Structured Deposits of Chinese Banks See First Decline in Six Months


Structured deposits in China have seen their first decline in half a year after posting roaring growth on the back of new asset management regulations that target bank wealth management products (WMP’s).

Sweeping asset management regulations launched by Beijing at the end April undermined the viability of the WMP’s that smaller Chinese banks have long used to access retail funds, by targeting the “implicit guarantees” undergirding them as well as banning principal guaranteed products.

The move served to spur the popularity of structured deposits and jumbo certificates of deposits (CD’s) amongst Chinese lenders, as they searched for other funding arrangements to replace WMP’s.

Commercial bank structured deposits have seen roaring growth ever since the unveiling of the draft version of new asset management regulations in November last year, expanding from 6.9 trillion yuan in October 2017 to 9.26 trillion yuan in May.

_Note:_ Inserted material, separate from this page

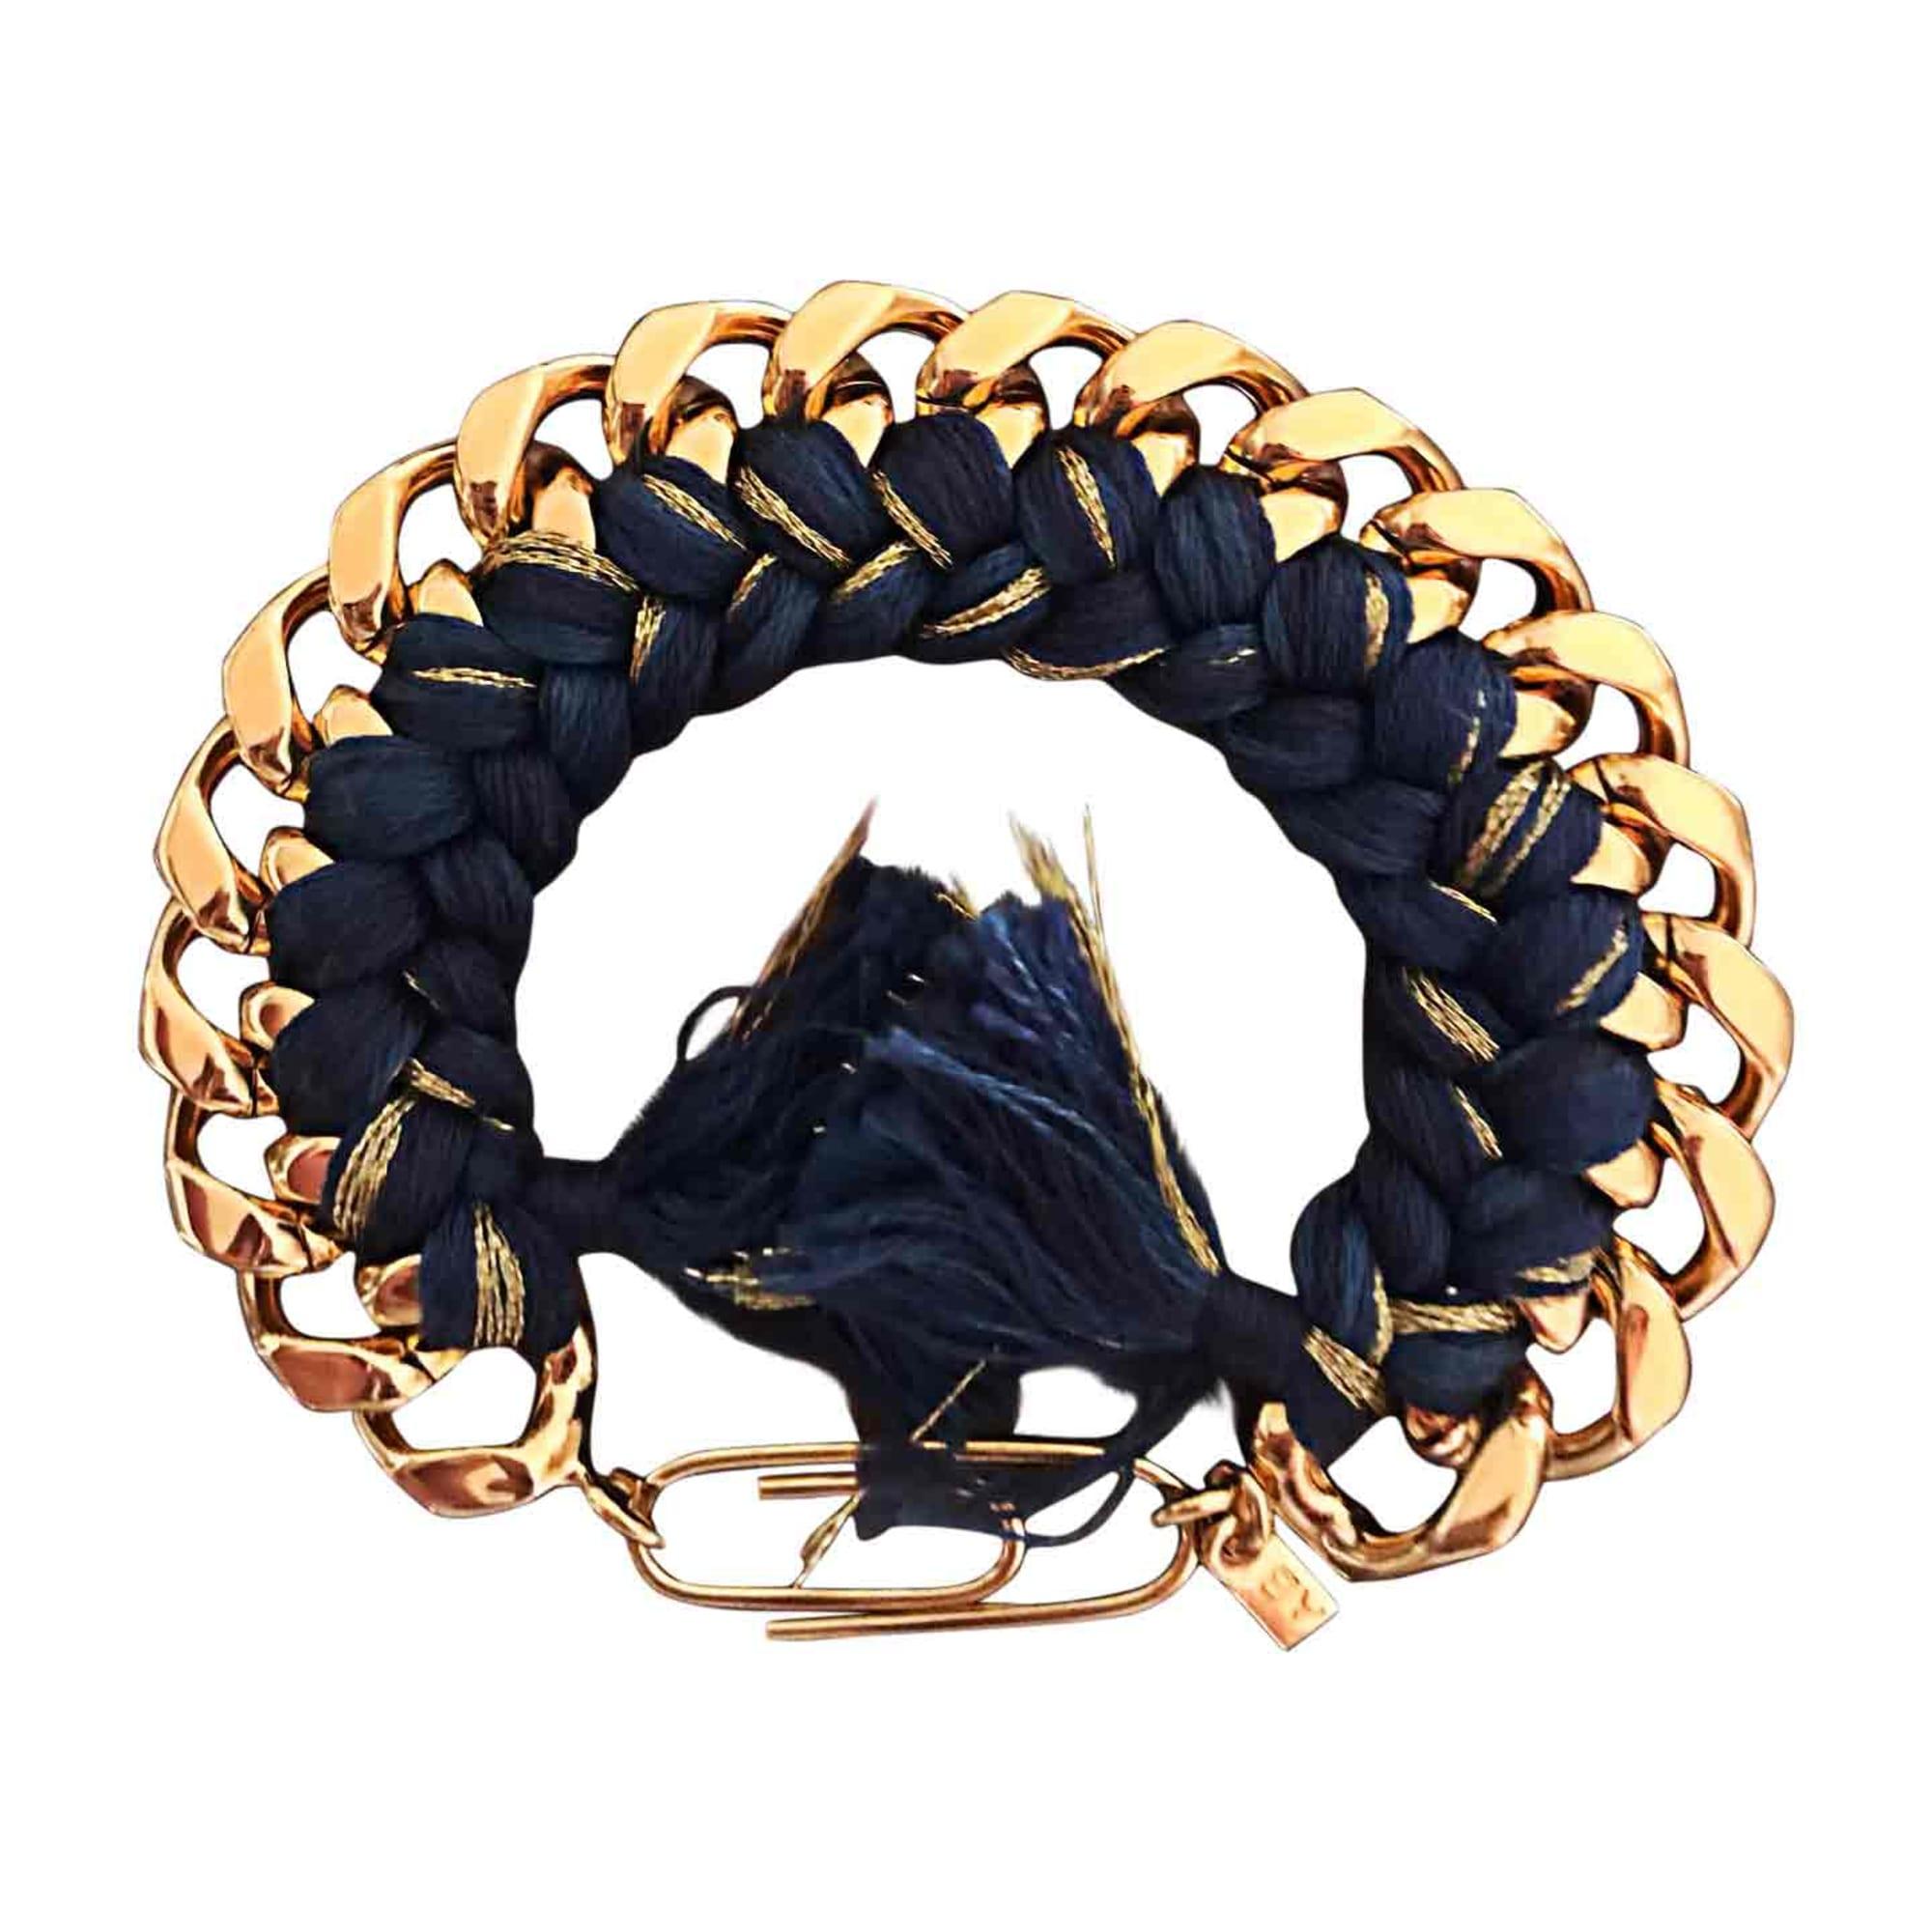 Bracelet AURELIE BIDERMANN Golden, bronze, copper

January, February and March of this year saw on-month rises in personal structured deposits of 12.23%, 10.22% and 10.87% respectively, yet this growth dwindled in April to 1.71%.

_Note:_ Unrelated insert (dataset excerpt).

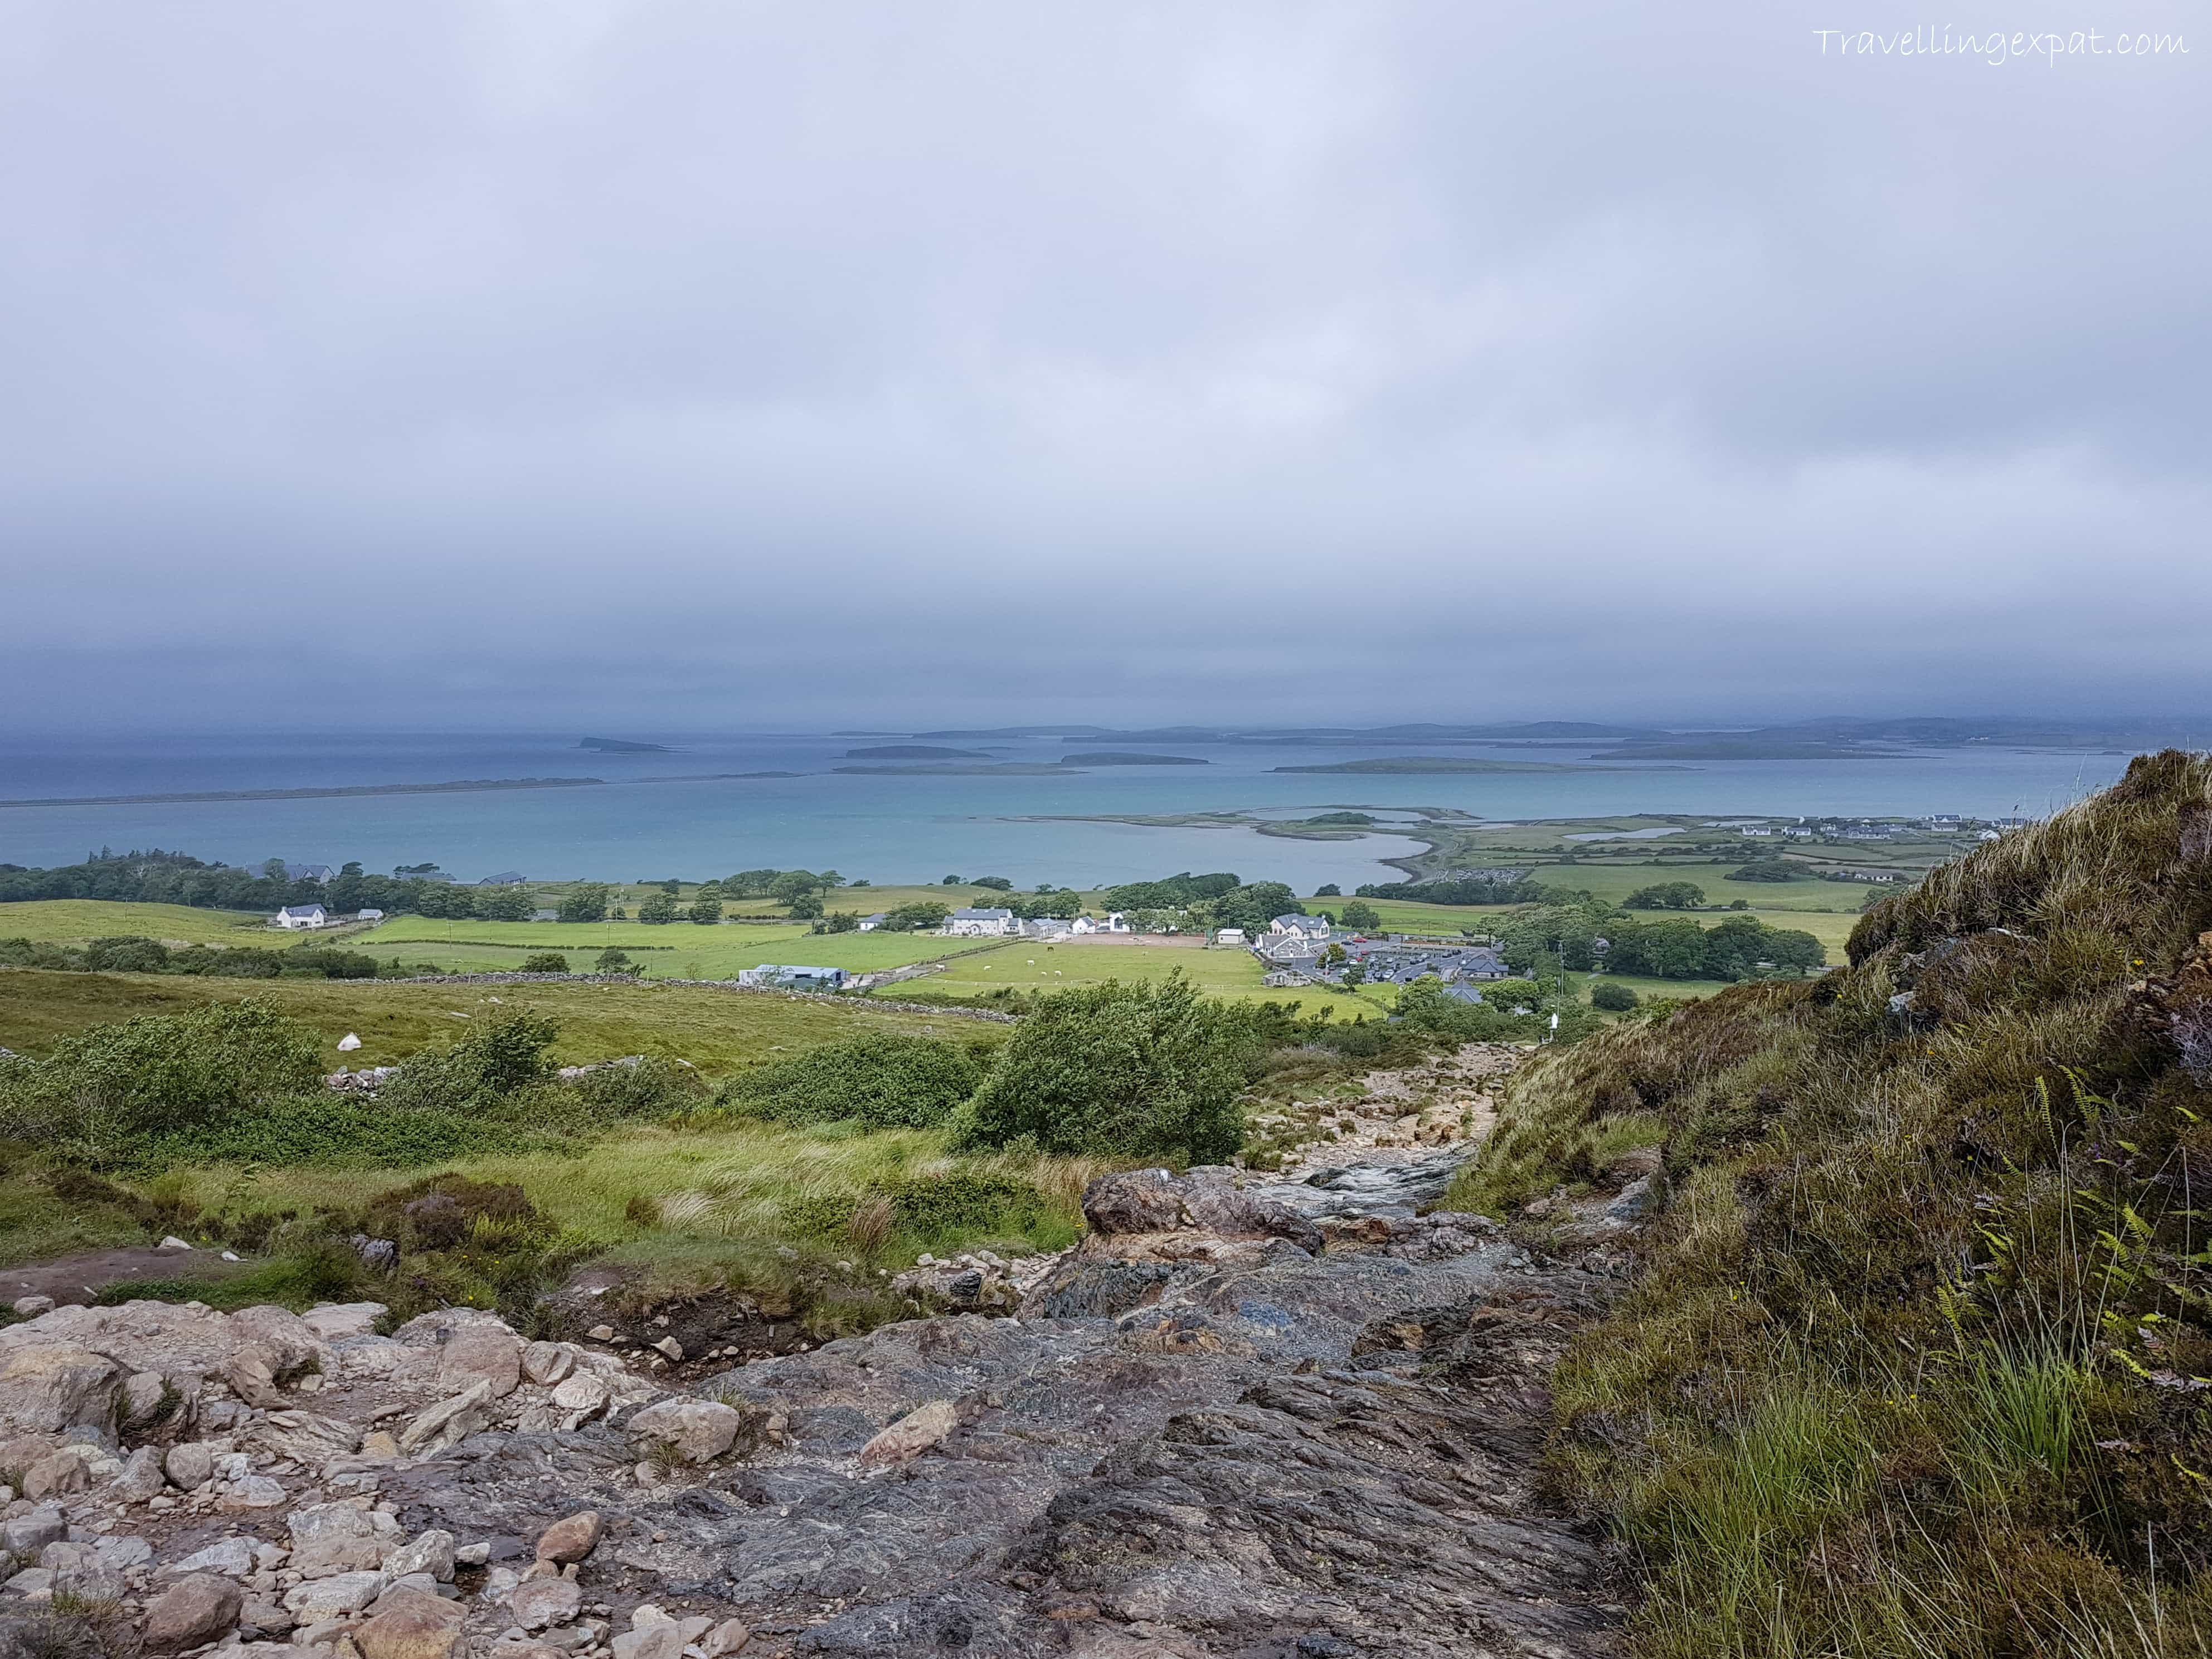 Camminare in Irlanda

While the new asset management regulations ban Chinese banks from selling principal guaranteed WMP’s, analyst say that lenders have used “fake” structured deposits to continue to provide implicit guarantees to investors by setting trigger events that are inevitable.

The latest data from the Chinese central bank indicates that June marked the first month in half a year that structured deposits in China posted an on-month decline.

In June the volume of structured deposits of large-scale Chinese invested banks and small and medium-sized banks was 9.205273 trillion yuan, for a contraction of 57.353 billion yuan compared to May.

Small and medium-sized banks were solely responsible for the decline in sector-wide structured deposits, with a fall of 71.6 billion yuan, as compared to an increase of 14.3 billion yuan for large banks.

According to domestic analysts a loosening of China’s monetary environment amidst escalating Sino-US trade tensions is at least partially responsible for the declining popularity of structured deposits.

Pressure is easing on the liabilities side for Chinese banks, reducing their need for structured deposits, although members of industry say that small and medium-sized lenders are still scrambling for funds.

“Compared to big state-owned banks who have large volumes of personal deposits, the scale of personal deposits amongst small and medium-sized banks is very small, and they are primarily dependent upon company deposits,” said one executive at a commercial bank in eastern China to 21st Century Business Herald.

“However, the source of company deposits is mainly dependent upon project loans. Our main deposit source is local government platforms, but at present local government platforms are very short of cash, and banks also lack quotas to invest in projects, so it’s very hard to drive deposits.”

While structured deposits can help to supplement the liabilities side, smaller banks find it difficult to provide “authentic structured” products due to resource limitations, while their rates are far from competitive.

“Our one-year structured deposit rate is 4.1%, but for joint-stock banks the rate is 4.4%,” said the source. “The main driver of deposits is likely still relationships and projects, we don’t have any advantages when it comes to rates.”

The bank in question is instead turning to the issuance of subordinated debt and jumbo CD’s to raise funds.

Analysts further point out that the unveiling of new regulations by the China Banking and Insurance Regulatory Commission (CBIRC) that supplement the earlier asset management rules will further undermine the popularity of structured deposits.

CBIRC’s new regulations mandate that structured deposits must be “properly” pegged to derivatives products and have a genuine transaction counter-party, bringing “fake structured deposits” that serve solely to provide high guaranteed yields to investors within the purview of regulatory scrutiny.

New regulations also place strict requirements on the qualifications of issuing banks, stipulating that only lenders qualified to engage in derivatives transactions can provide structured deposits.